● Dataset extract:
══════

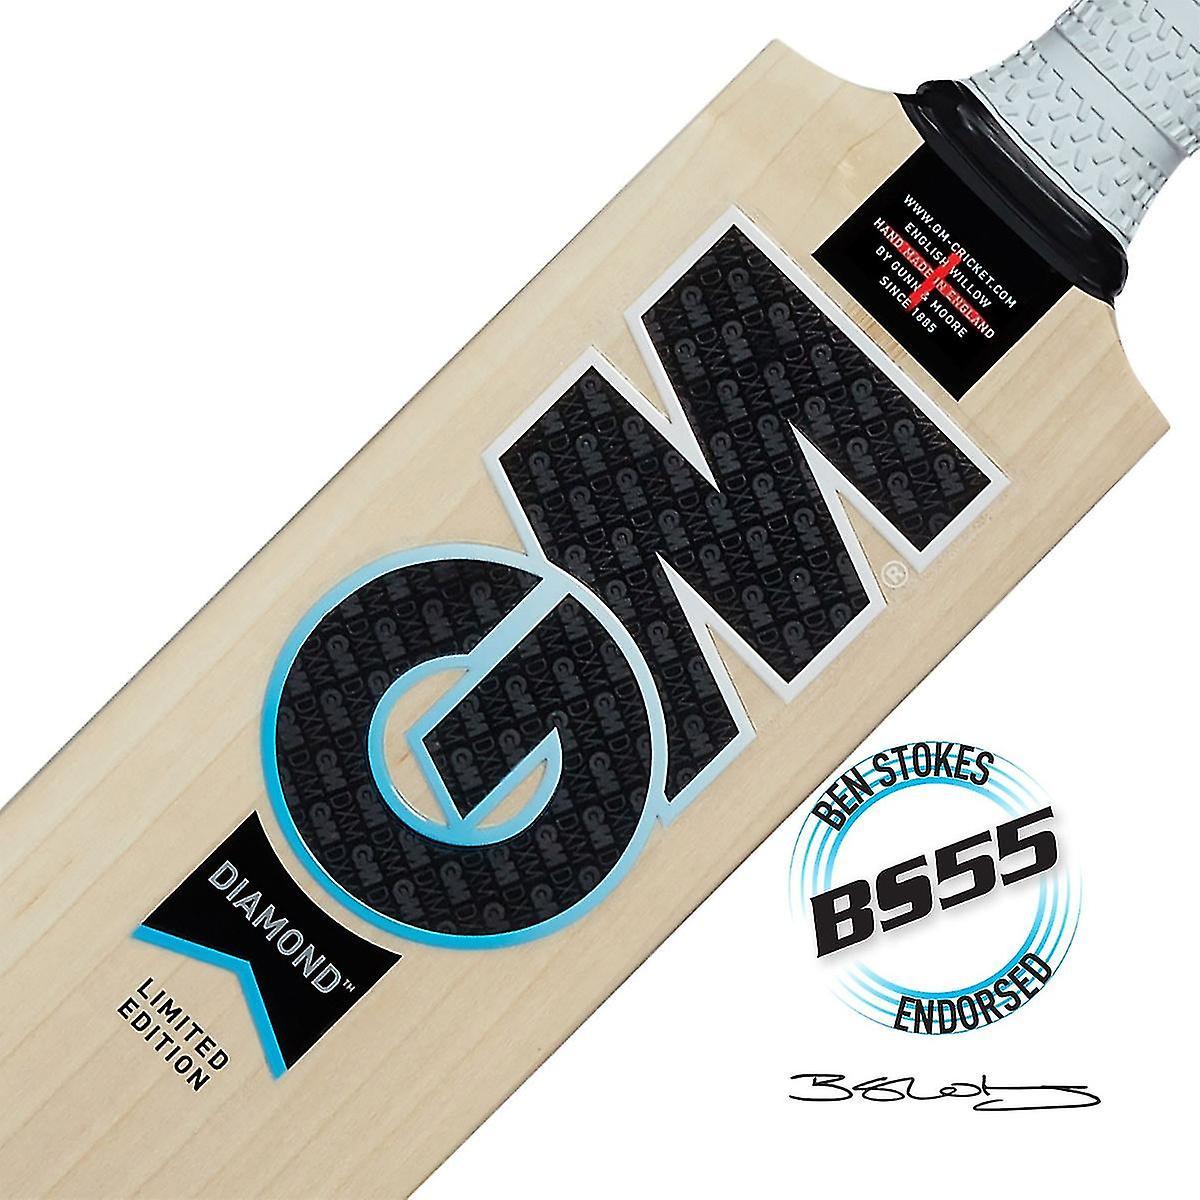 Gunn & Moore GM Cricket Diamond 606 L540 DXM BS55 Ben Stokes English Willow Bat
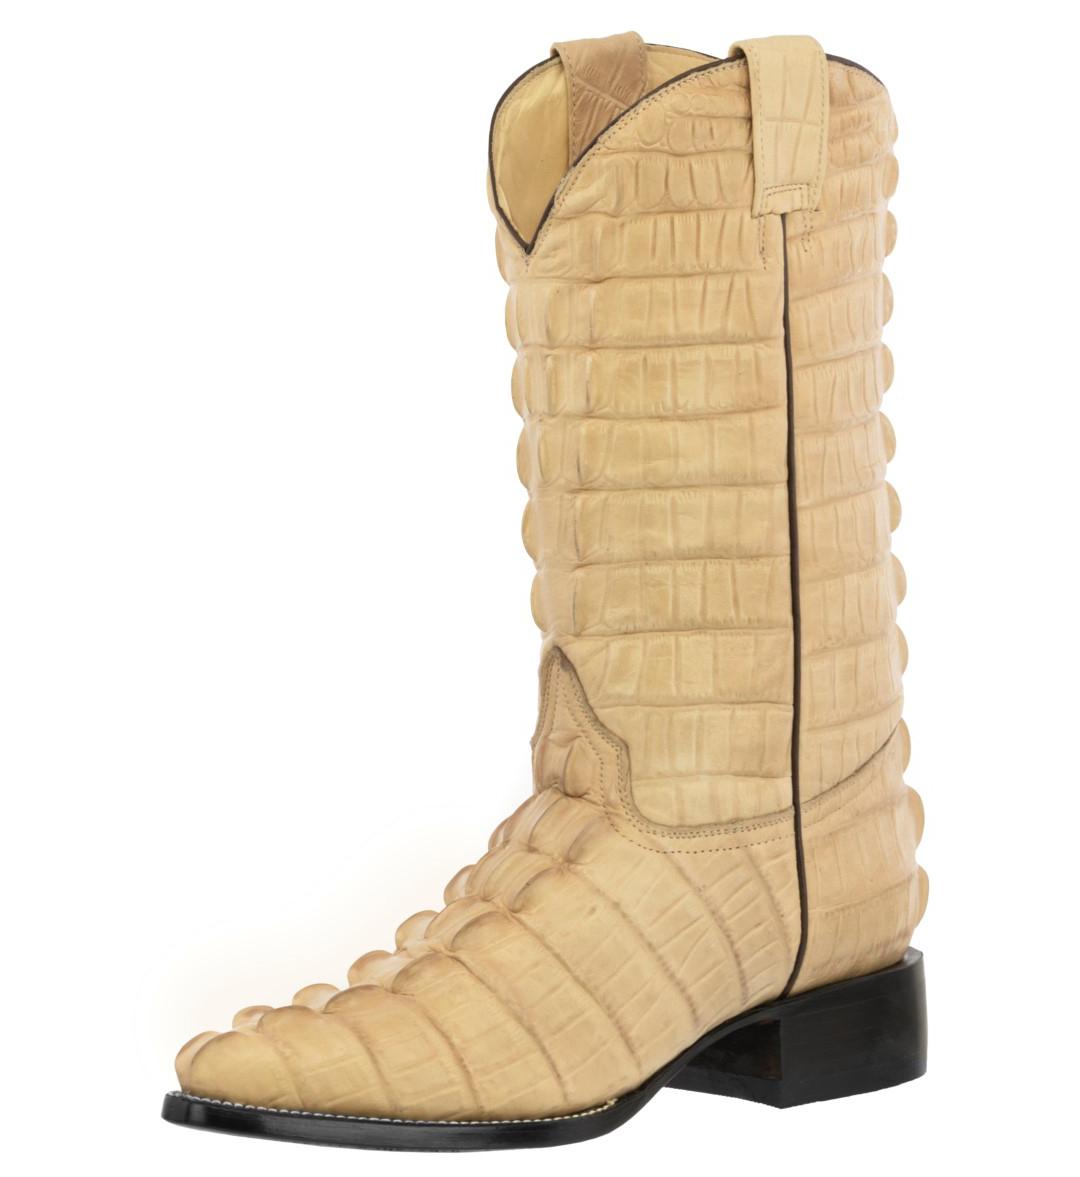 8cb169117a7 Mens Sand Full Alligator Print Leather Cowboy Boots Western Wear ...
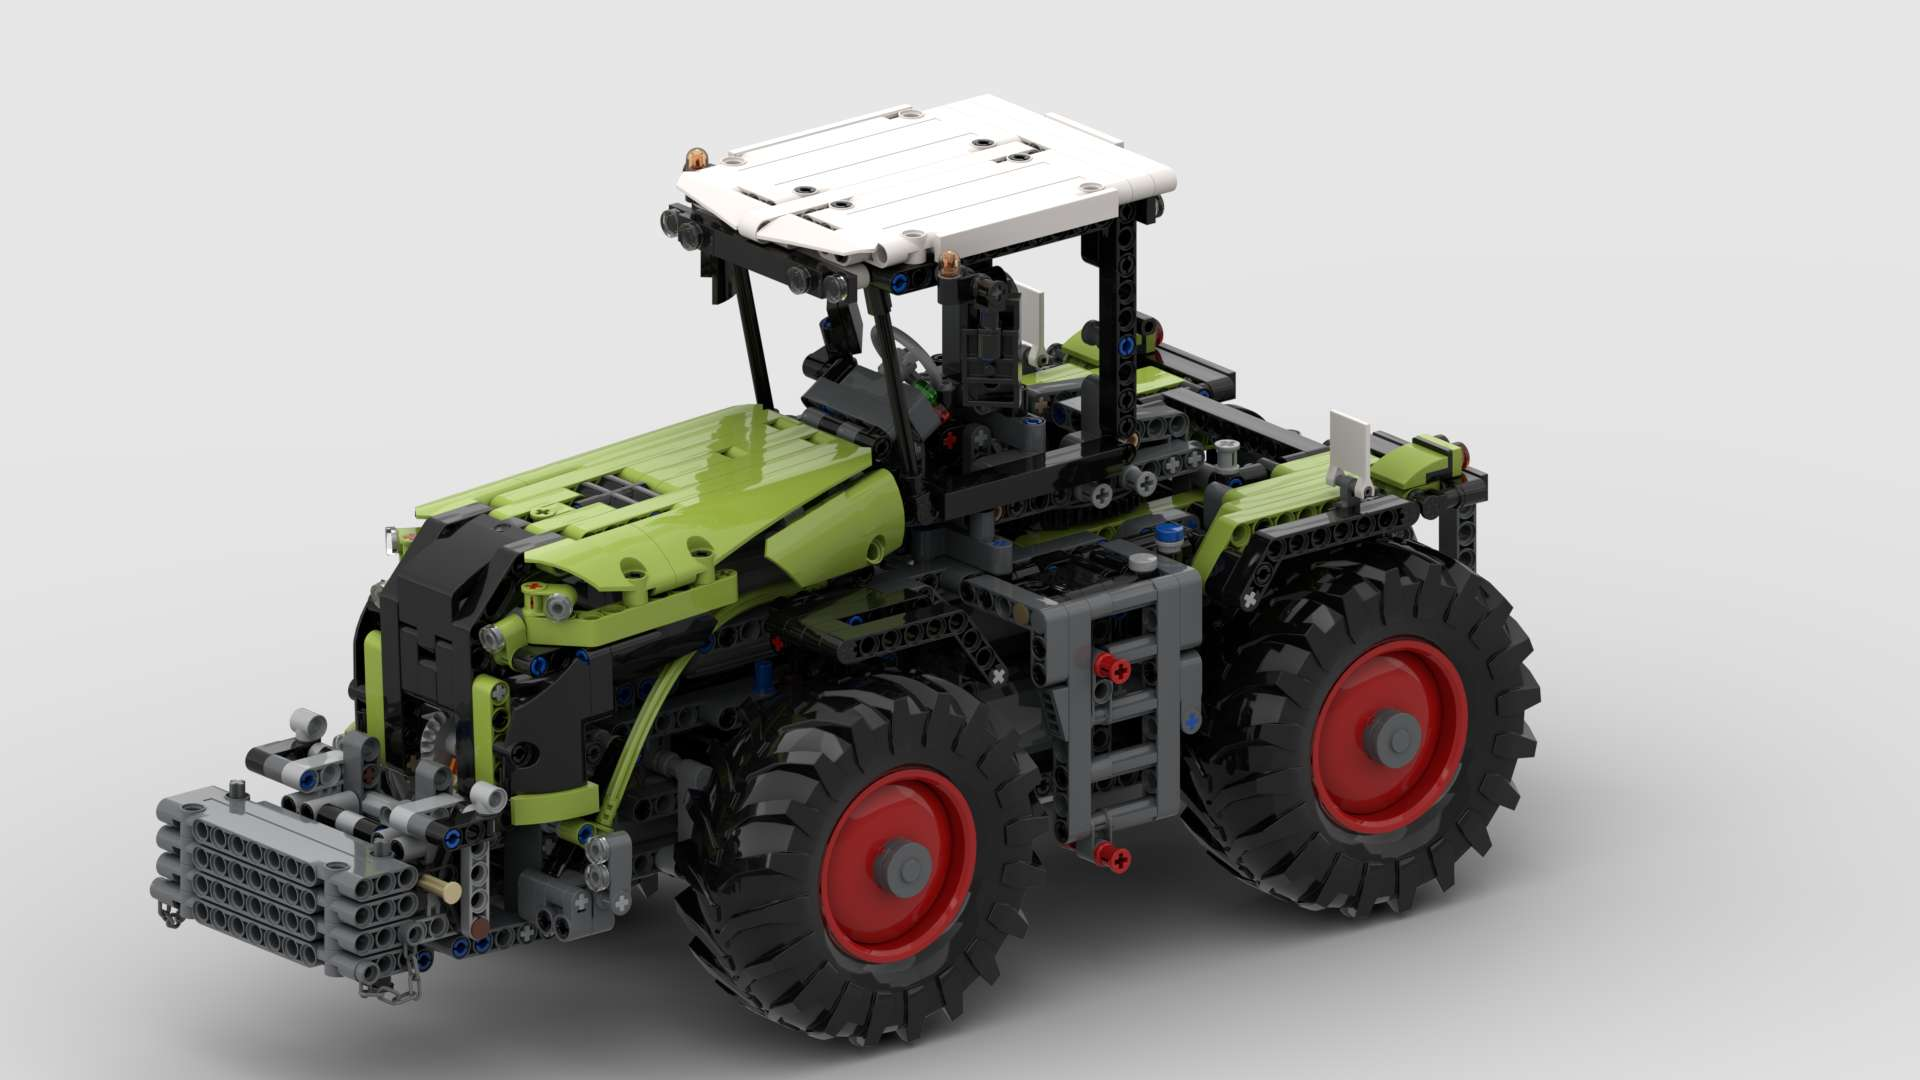 00 42054 Rc Original Xerion 5000 VC 7 Motoren MOD

══════

● Exercise objective: Would you please set down the listing above exactly, minus its images?

● Written solution:
 Gunn & Moore GM Cricket Diamond 606 L540 DXM BS55 Ben Stokes English Willow Bat
 8cb169117a7 Mens Sand Full Alligator Print Leather Cowboy Boots Western Wear ...
 00 42054 Rc Original Xerion 5000 VC 7 Motoren MOD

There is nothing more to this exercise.